Would you repeat the listing exactly but omit every picture?

··· Information supplied

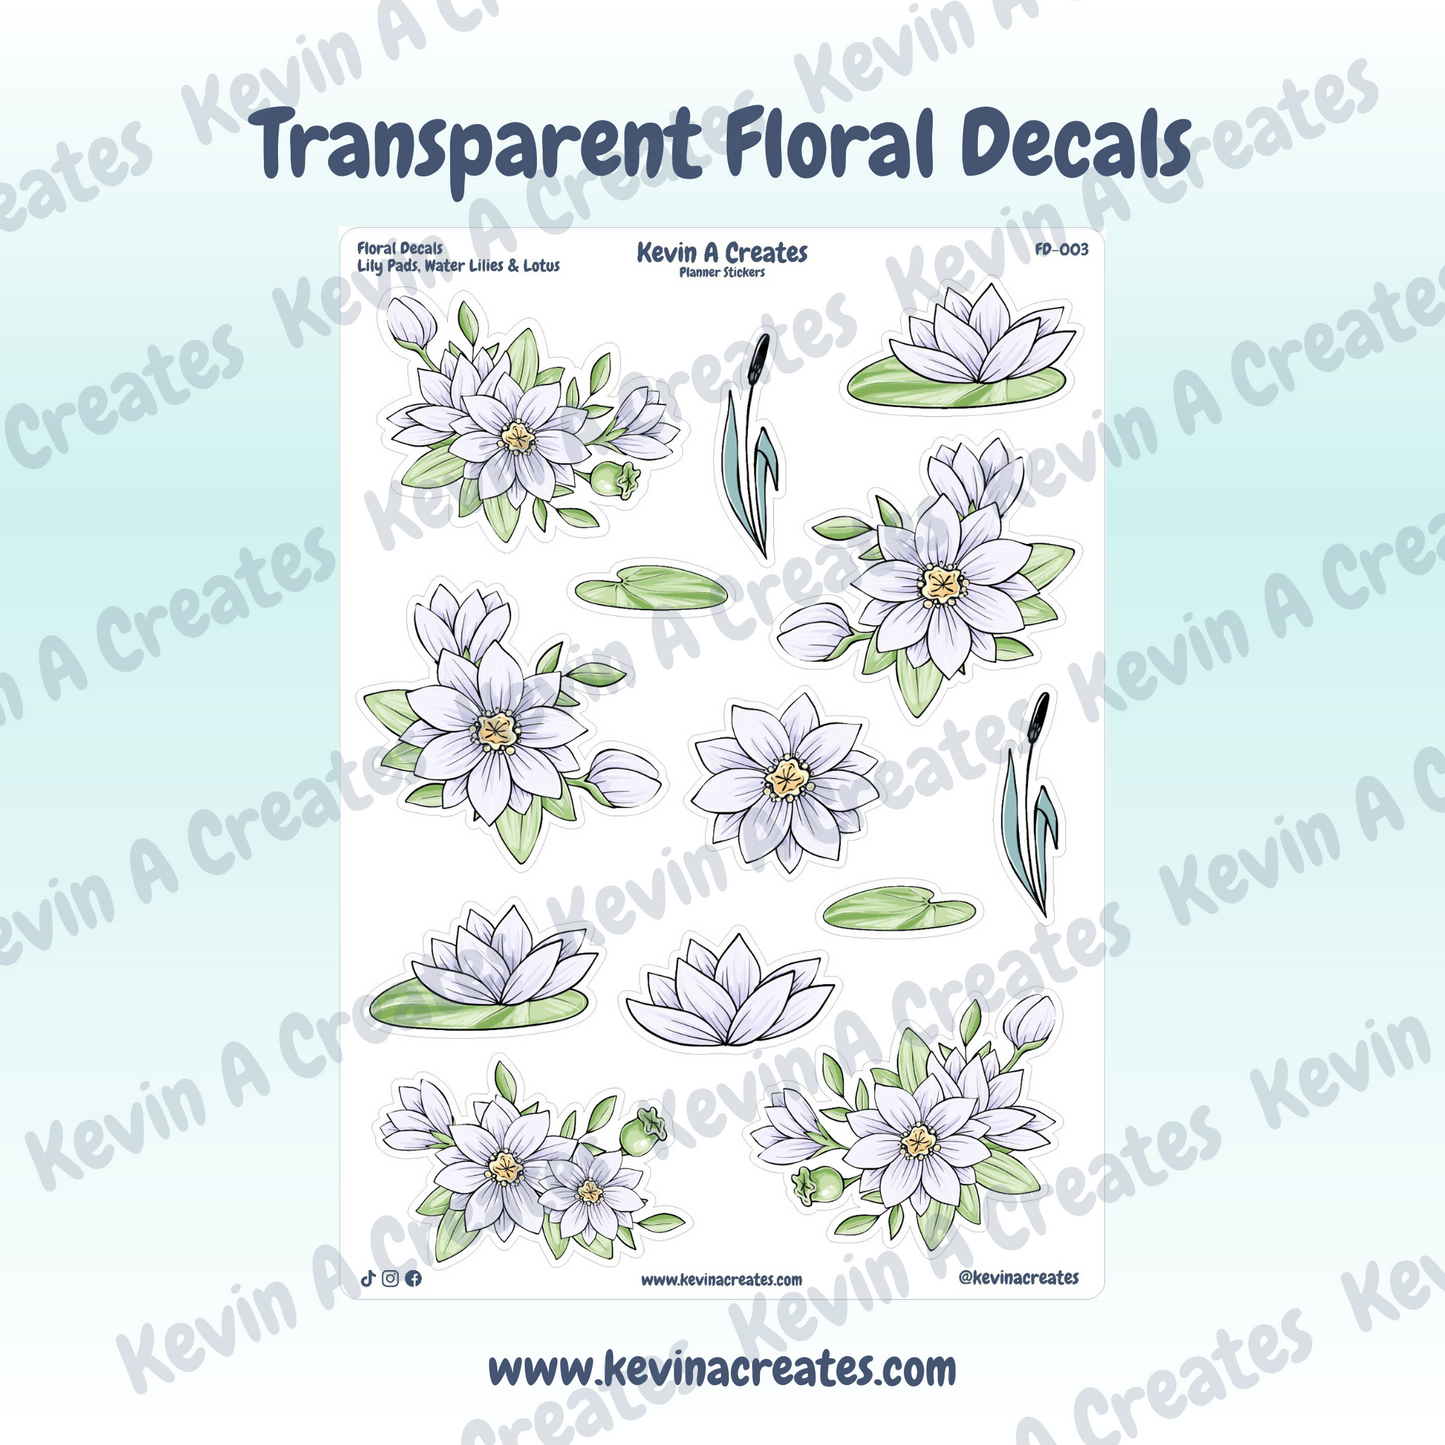 Transparent Lily Pads, Water Lilies, & Lotus Floral Sticker Sheet
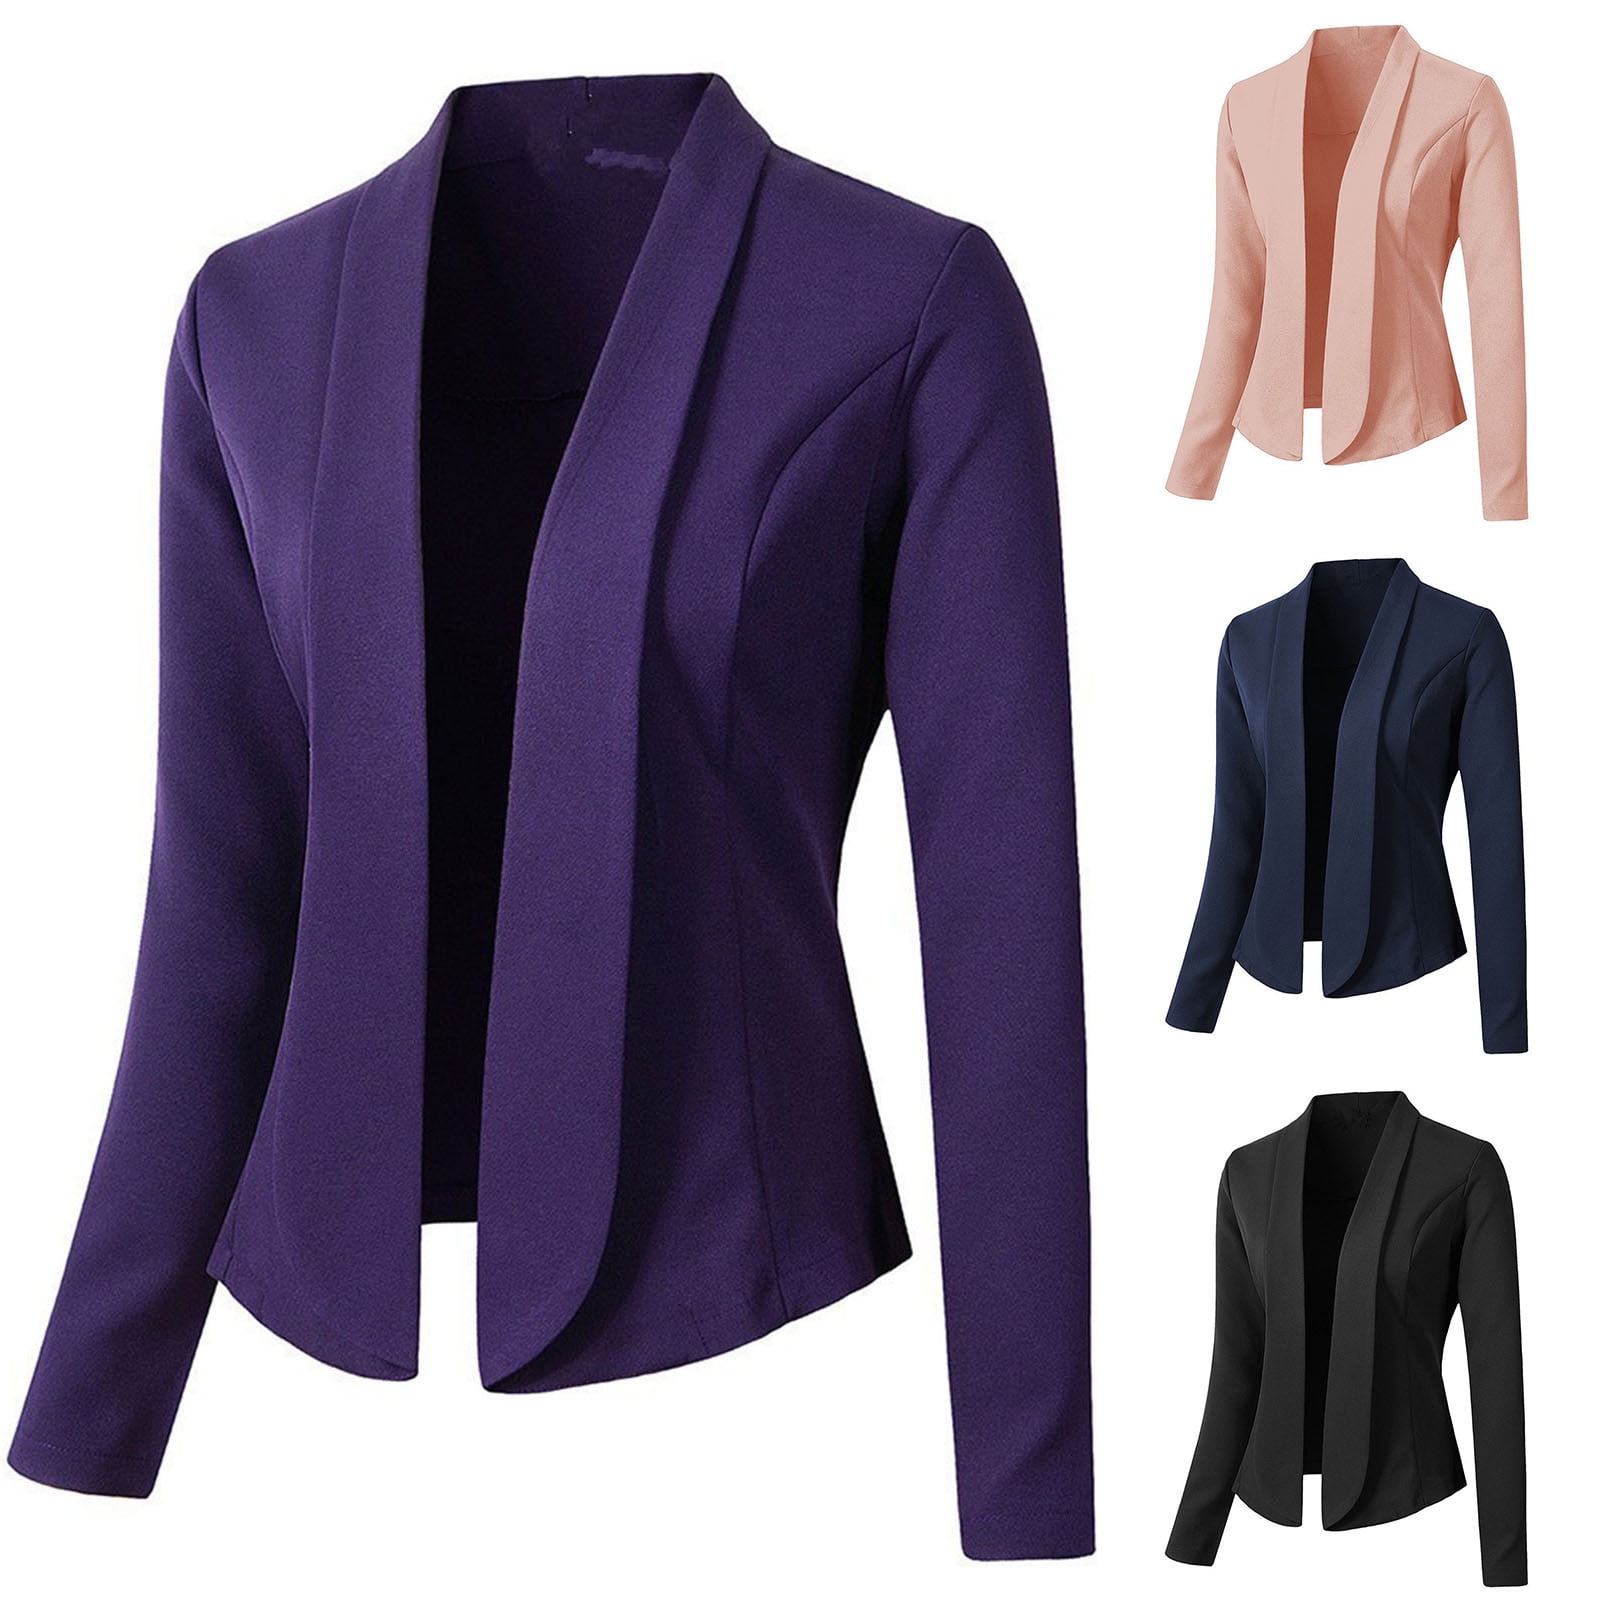 Womens Casual Work Office Blazer Open Front Long Sleeve Suits Jackets ...
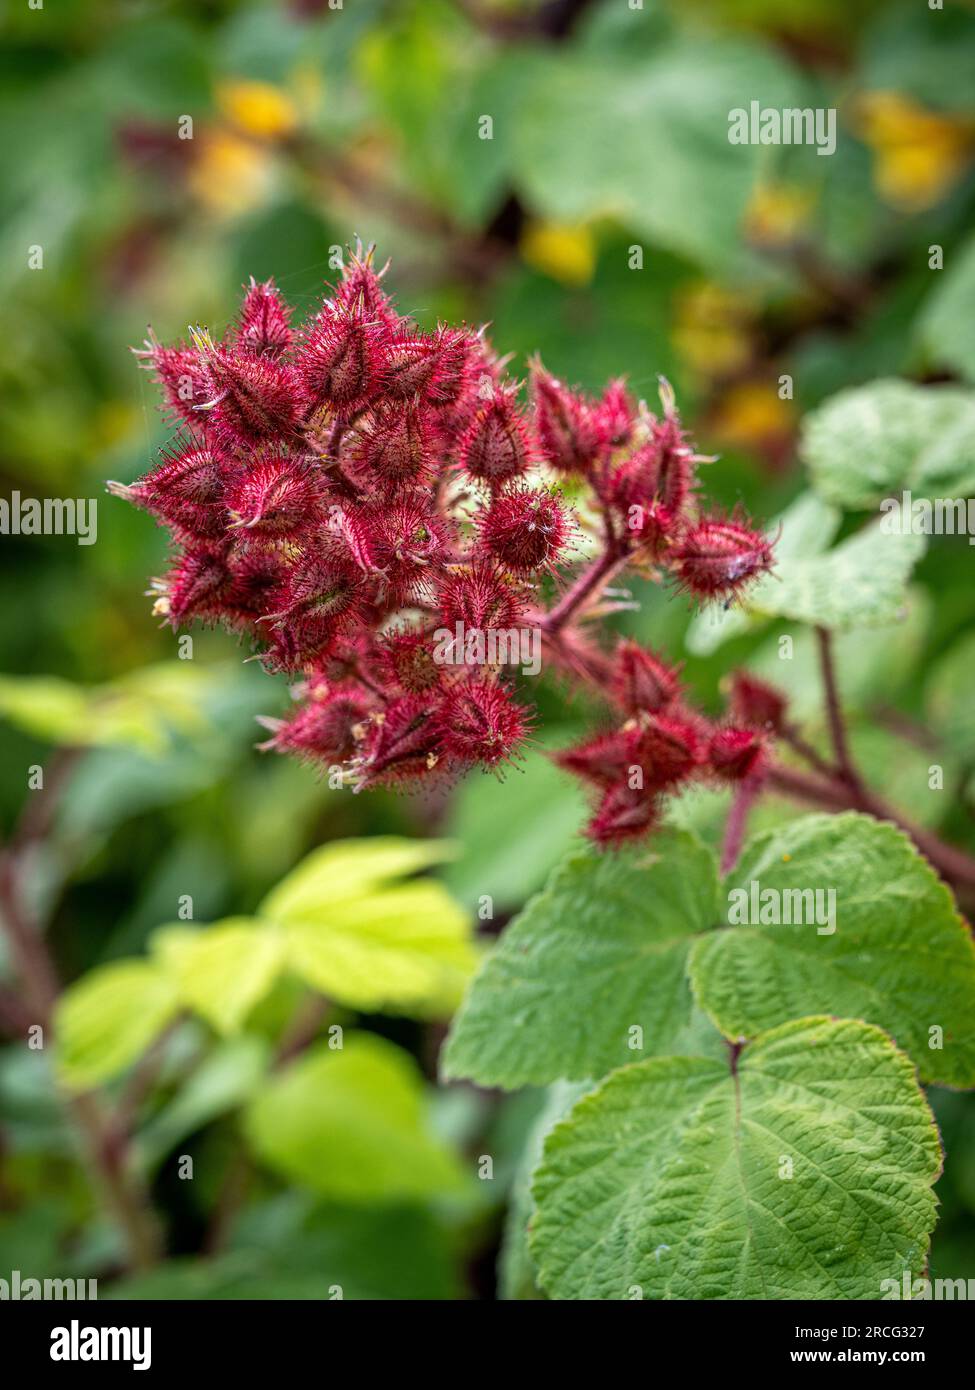 Young developing Japanese wineberry fruit covered by a hairy protective calyx, growing in a UK garden. Stock Photo

······

=== Result of the task ===
 Transparent Lily Pads, Water Lilies, & Lotus Floral Sticker Sheet
 Womens Casual Work Office Blazer Open Front Long Sleeve Suits Jackets ...
 Young developing Japanese wineberry fruit covered by a hairy protective calyx, growing in a UK garden. Stock Photo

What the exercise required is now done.